И я рассказал ему все-все. Все без утайки. Про свою непутевую, несложившуюся жизнь, про свое одиночество, про свои сомнения и дерзания, про свои идеи и ереси, беспросветность и неверие, а также сказал про встречу, про любовь и надежды, про болезнь ее и про свое отчаяние. Впервые в жизни я исповедовался.
Час мелькнул, как минута. Батюшка вздохнул и пробормотал:
- Ох уж эта интеллигенция! И начитанны вы, и образованны, но каждый день совершаете глупость за глупостью и подлость перемежаете предательством... - И дал мне молитвослов. - Молись, - сказал, - и надейся. Положись на Божественное провиденье. Господь милостив. Но впредь не сей завистливого зла, чтоб не настигал тебя завистливый рок.
Он благословил мою склоненную голову и удалился. А я наугад раскрыл в церковном пахучем полумраке молитвослов и уткнулся в акафист Иисусу Сладчайшему. Стал читать, испытывая странное, не известное никогда ранее чувство: "Ангелов Творче и Господи сил, отверзи ми недоуменный ум и язык на похвалу пречестному Твоему имене, якоже глухому и гугнивому древле слух и язык отверзал еси, и глаголаше зовый таковая: Иисусе пречудный, ангелов удивление; Иисусе пресильный, прародителей избавление; Иисусе пресладкий, патриархов величание; Иисусе преславный, царей укрепление; Иисусе прелюбый, пророков исполнение; Иисусе предивный, мучеников крепосте; Иисусе претихий, монахов радосте..."
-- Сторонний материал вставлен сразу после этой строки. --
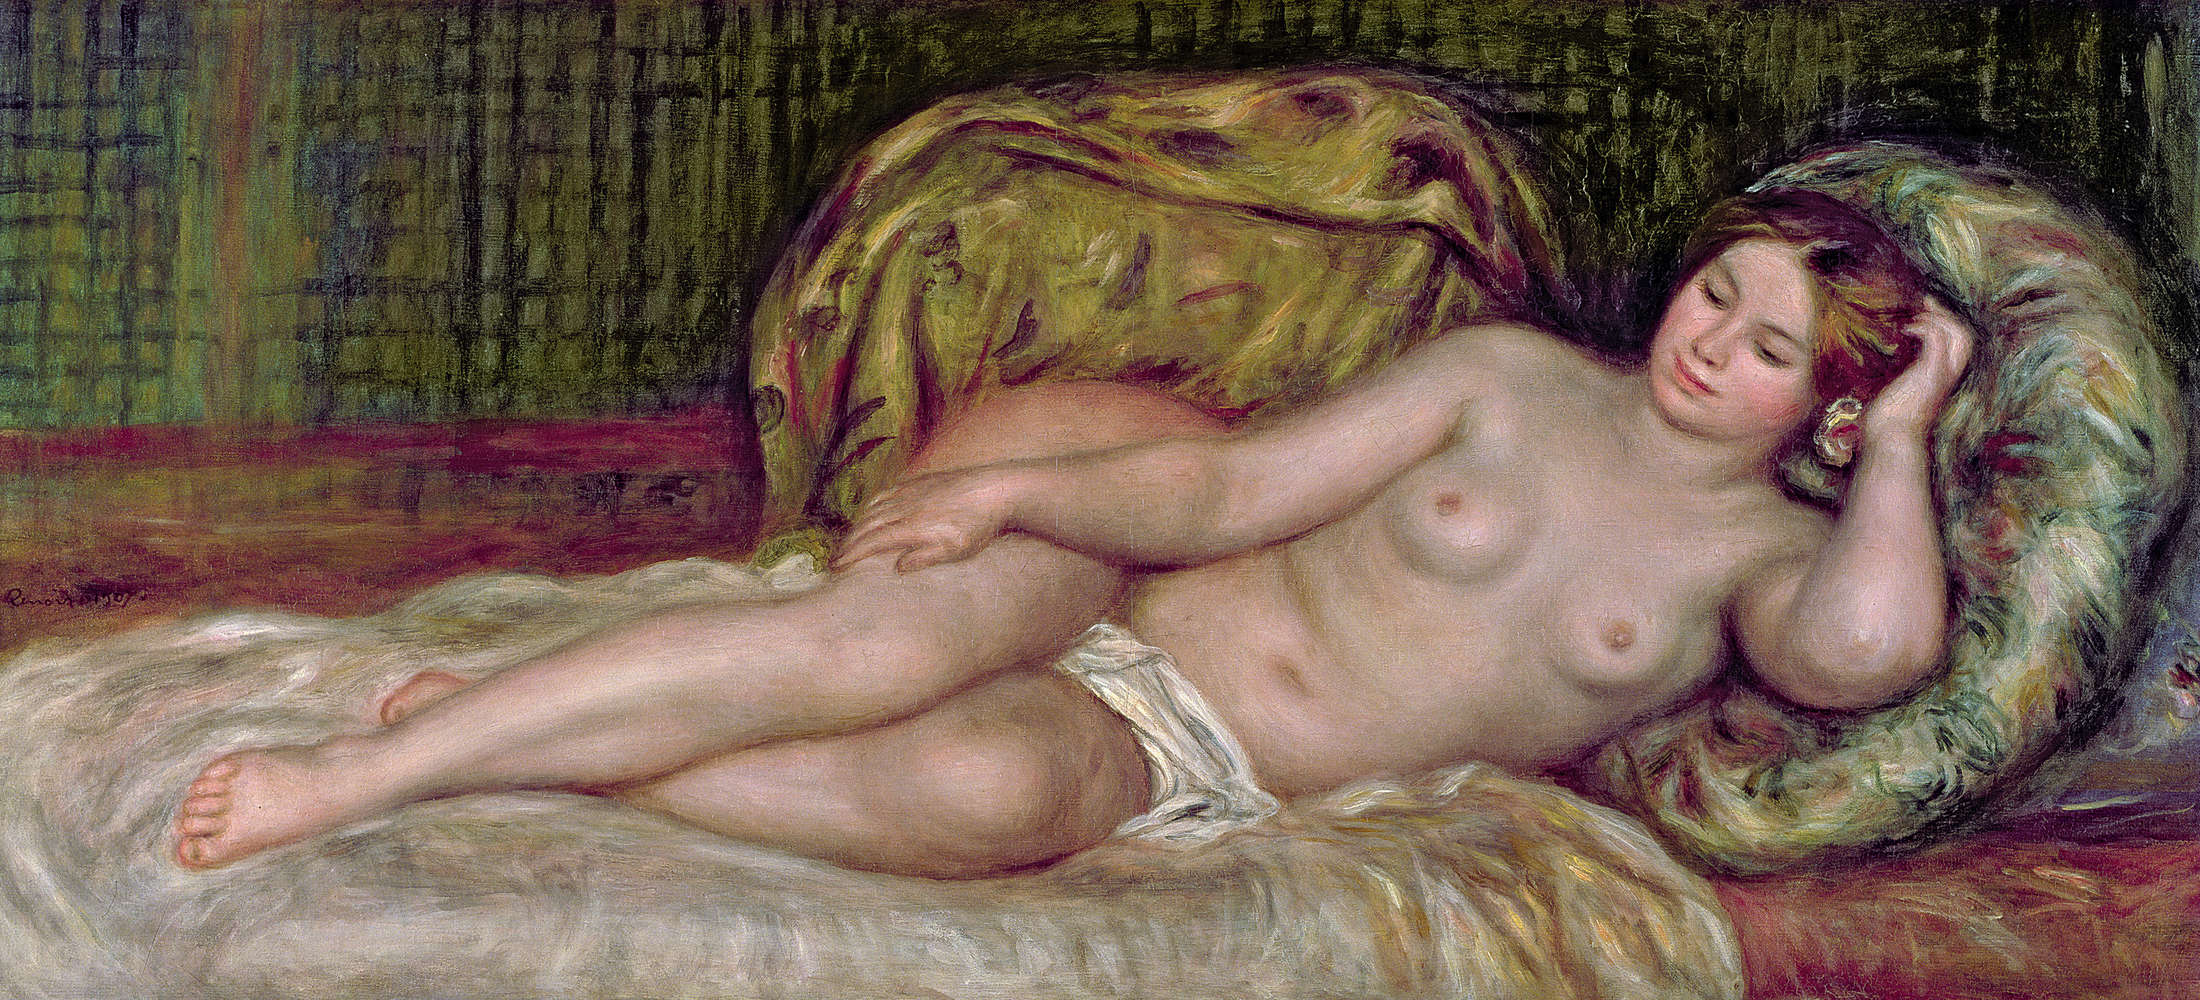             Fotomurali "Nudo" di Pierre Auguste Renoir

Кругом догорали редкие свечи, пахло ладаном и топленым воском, десятки строгих византийских очей взирали на меня, ничтожного и грешного, - и что-то со мной случилось, что-то произошло: я выталкивал из себя слова молитвы вместе с горловыми спазмами и таким мелким, таким незначительным, червем презренным во прахе казался себе, вдруг осознав всю глубину, всю бездну своего падения, всю пропасть своей гордыни.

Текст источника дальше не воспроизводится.